↓

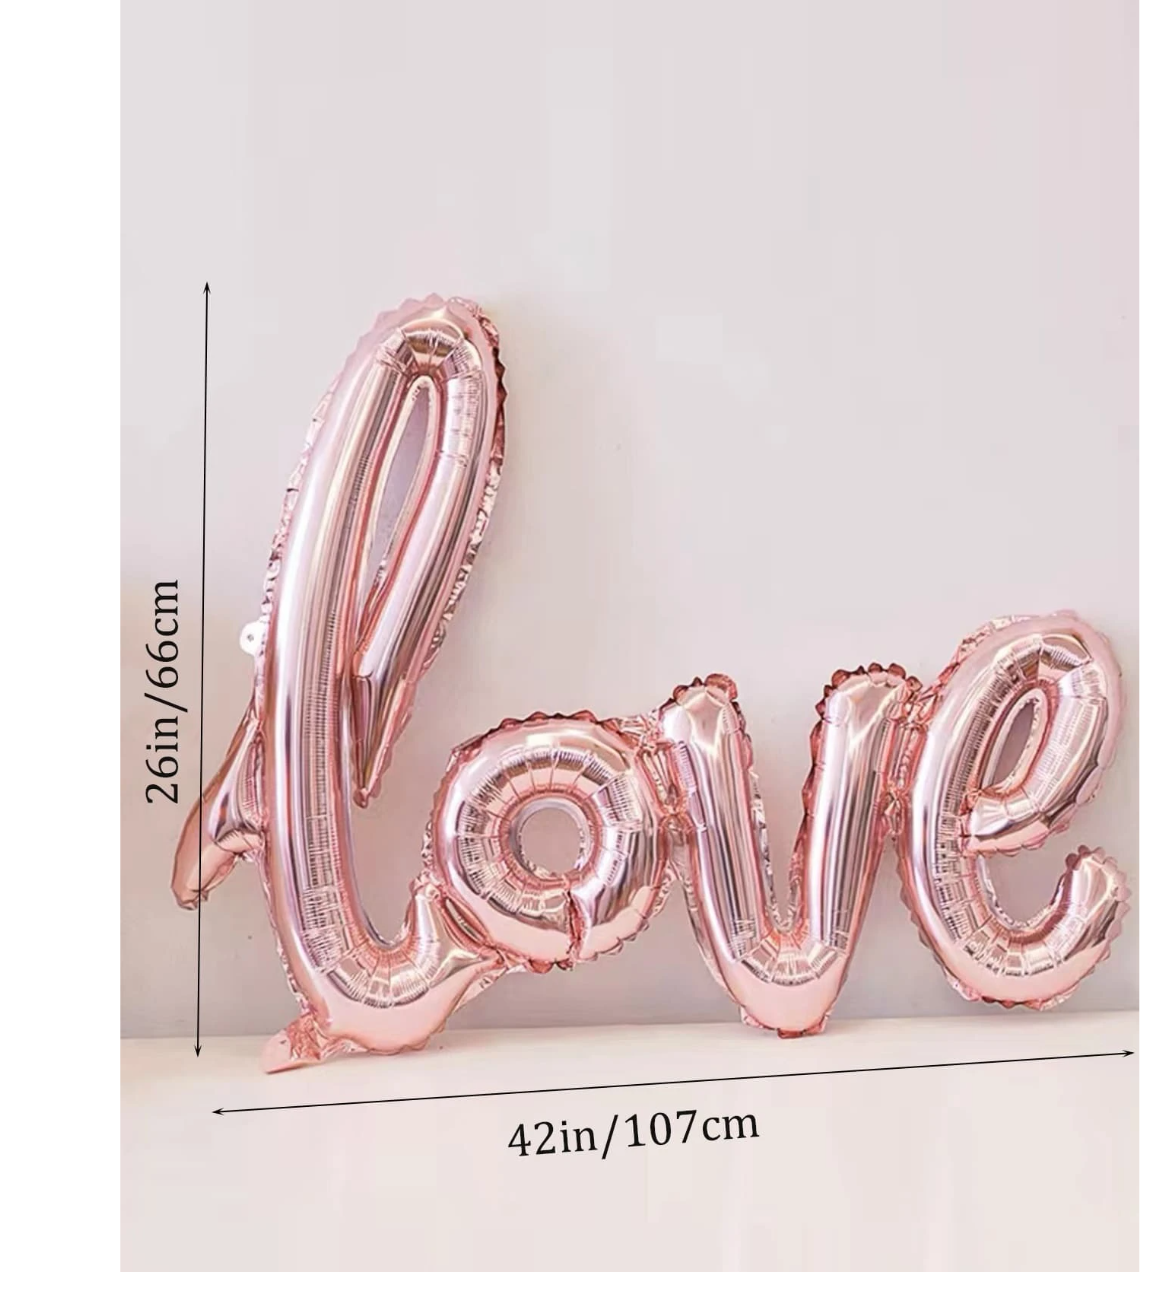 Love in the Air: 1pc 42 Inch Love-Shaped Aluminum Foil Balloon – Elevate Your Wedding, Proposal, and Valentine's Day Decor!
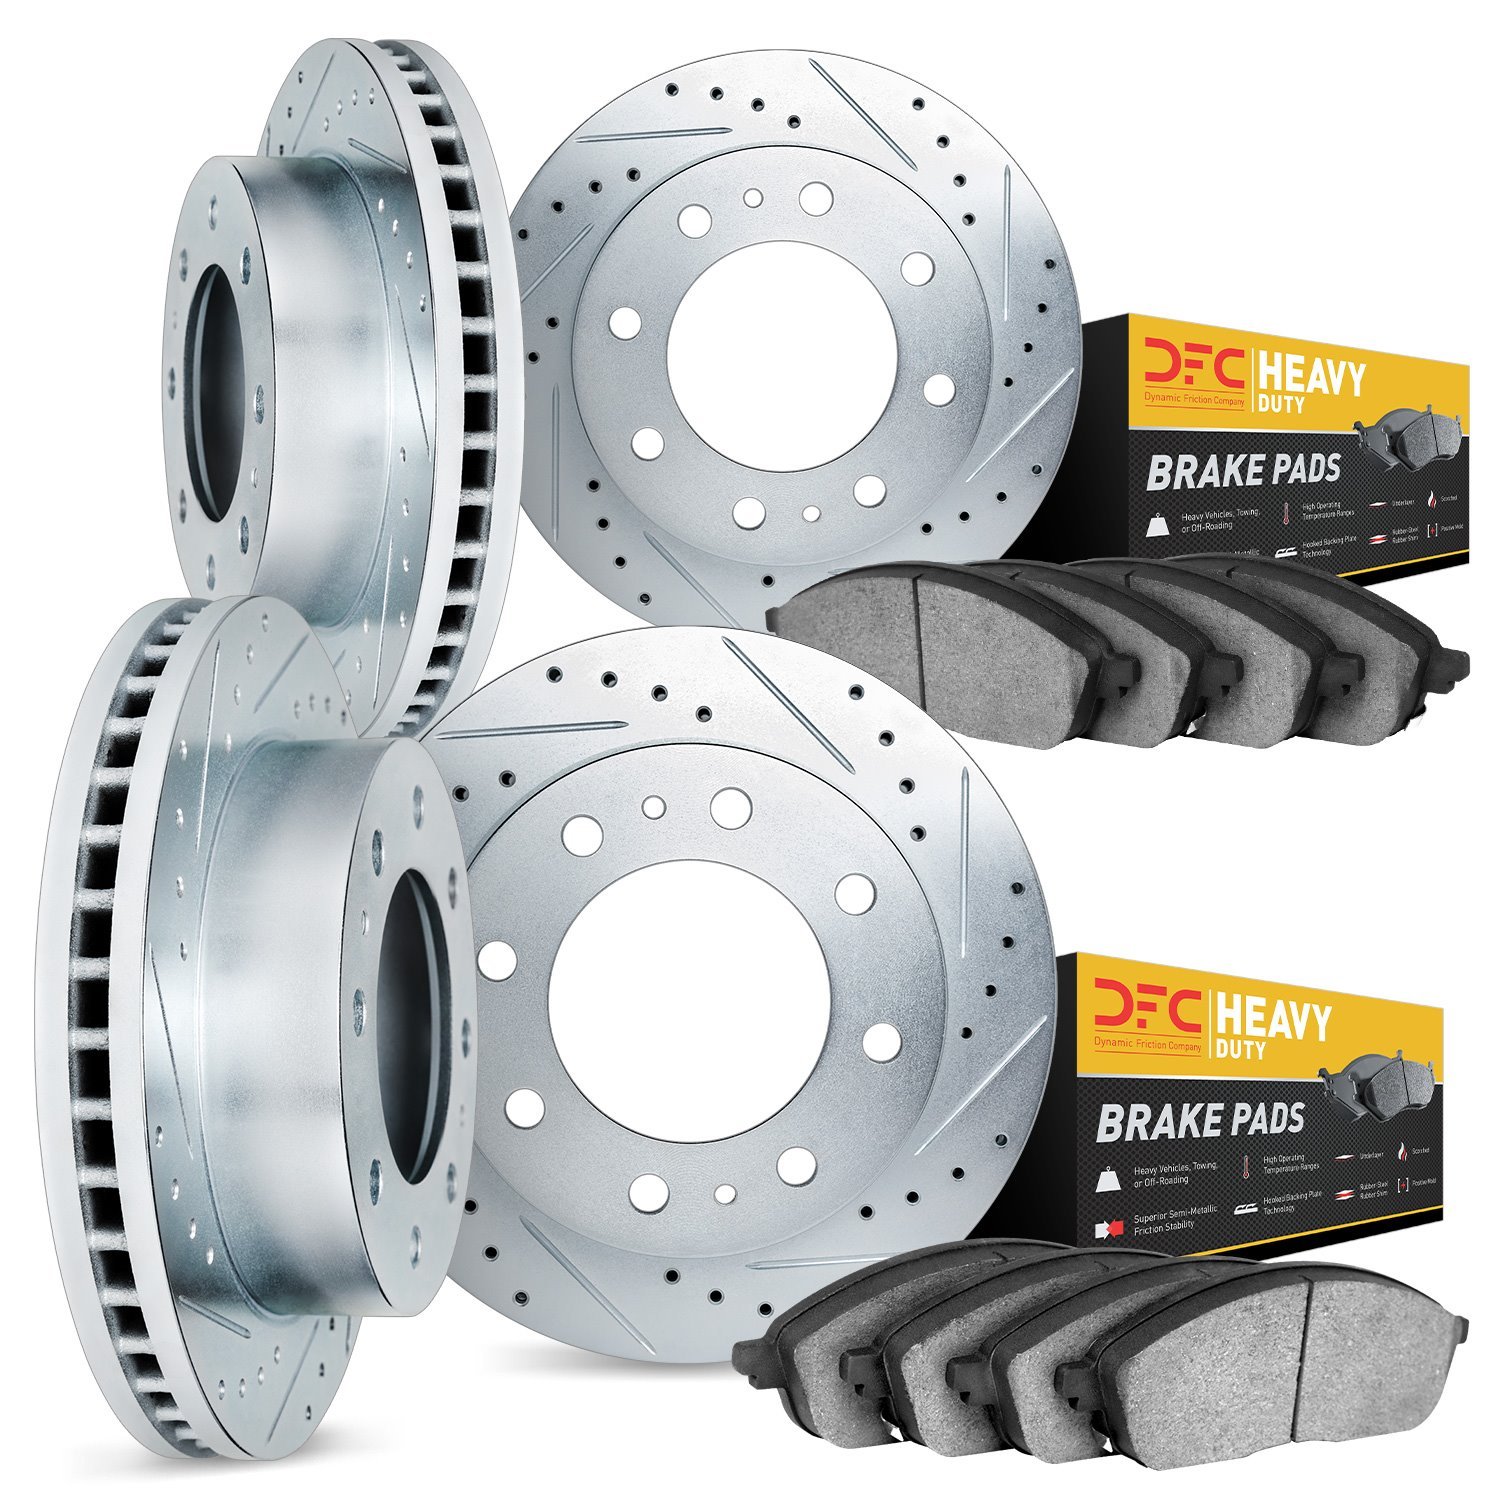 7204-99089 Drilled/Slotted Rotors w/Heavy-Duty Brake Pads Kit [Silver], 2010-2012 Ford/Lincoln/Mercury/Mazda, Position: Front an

↑
↓

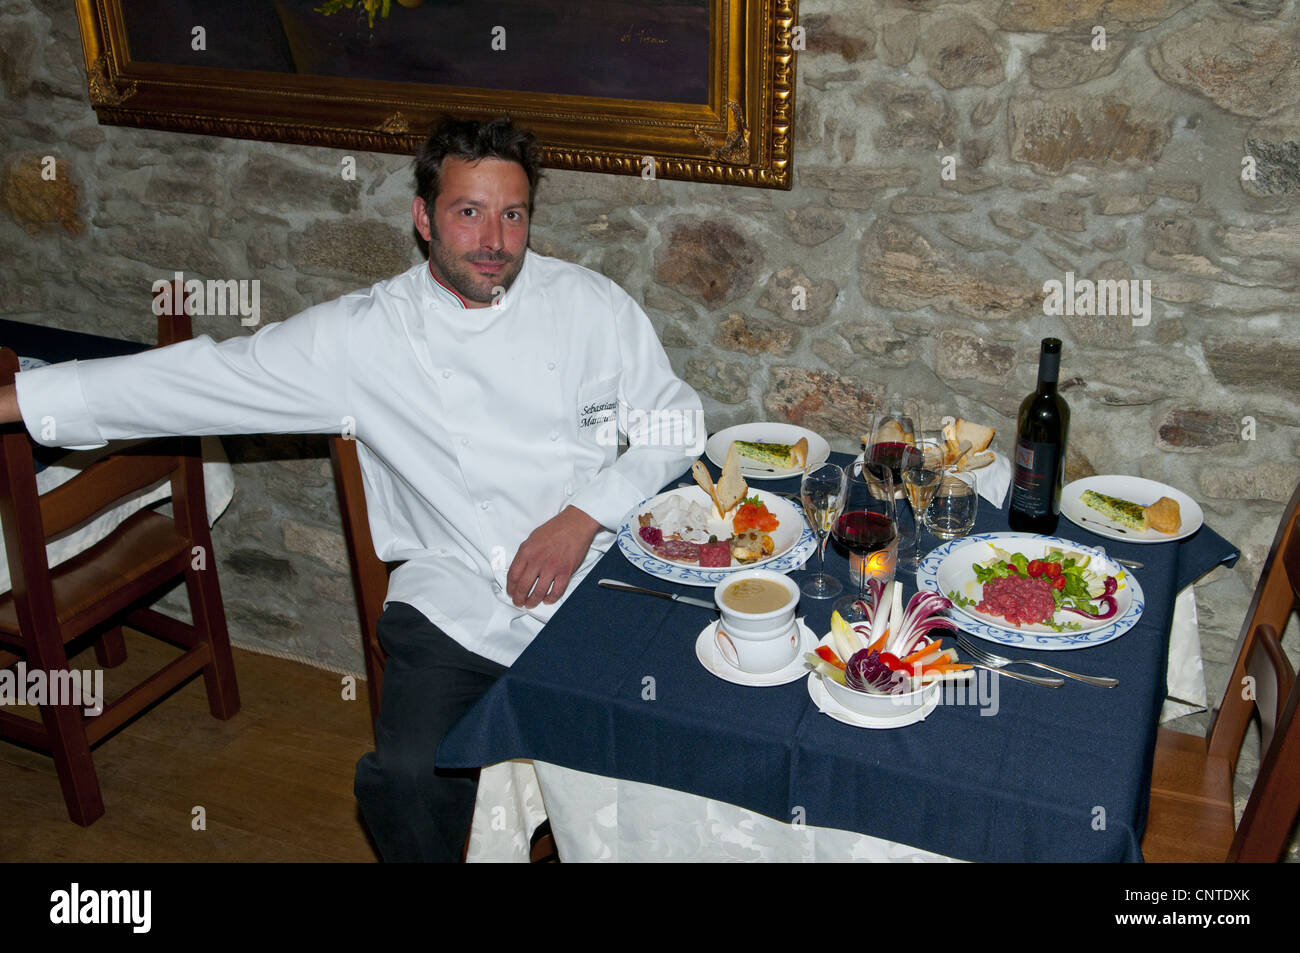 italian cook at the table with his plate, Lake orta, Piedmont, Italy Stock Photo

↑

-- Description of the task --
In the data above, take the line with "Love in the", the line with "7204-99089 Drilled/Slotted Rotors", and every line between, and set them down exactly without pictures.

-- Solved exercise --
 Love in the Air: 1pc 42 Inch Love-Shaped Aluminum Foil Balloon – Elevate Your Wedding, Proposal, and Valentine's Day Decor!
 7204-99089 Drilled/Slotted Rotors w/Heavy-Duty Brake Pads Kit [Silver], 2010-2012 Ford/Lincoln/Mercury/Mazda, Position: Front an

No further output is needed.